German woman loses appeal of 14-year sentence for death of Yazidi girl in Iraq

A German federal court said Wednesday it had rejected a woman’s appeal of her 14-year sentence for allowing a five-year-old Yazidi girl she and her husband enslaved when they were members of ISIS in Iraq to die of thirst in the sun.

The defendant, a German convert to Islam, was convicted in October 2021 of, among other things, two counts of crimes against humanity through enslavement — one case resulting in death — and membership in a terrorist organization abroad.

She was initially given a 10-year sentence, which was overturned by the Federal Court of Justice on the grounds that judges had erred in sentencing the defendant for a “less severe case” of crimes against humanity and overlooked aggravating circumstances.
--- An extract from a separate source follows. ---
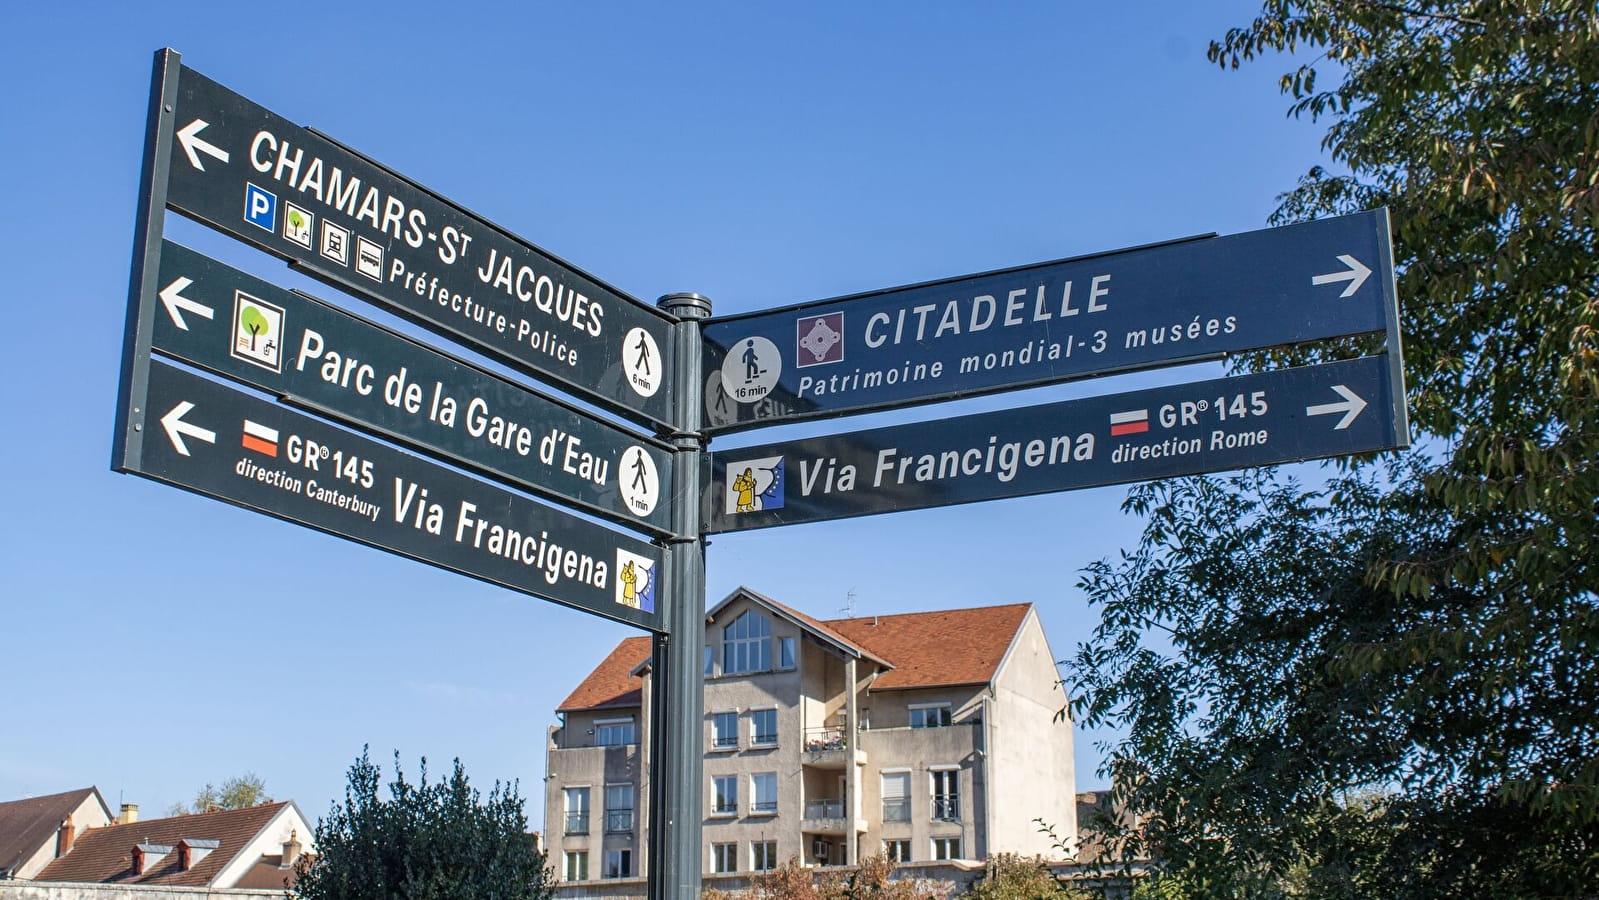 The Via Francigena in Burgundy

A new sentencing hearing for the woman, identified only as Jennifer W. in line with German privacy rules, ended in August with the 14-year sentence.

The court said Wednesday it rejected her appeal as “manifestly unfounded.” The statement on the ruling didn’t specify on what grounds she appealed.

The girl died in Fallujah, Iraq, in August 2015. At the original trial, the court found that the defendant did nothing to help the girl — who had been chained by her husband in their courtyard — although doing so would have been “possible and reasonable.”

The couple also enslaved the girl’s mother.

Jennifer W., now 32, was taken into custody while trying to renew her identity papers at the German Embassy in Ankara in 2016 and deported to Germany.

Her former husband, an Iraqi citizen identified only as Taha Al-J., was convicted by a Frankfurt court in November 2021 of genocide, crimes against humanity, war crimes and bodily harm resulting in death. He was sentenced to life imprisonment.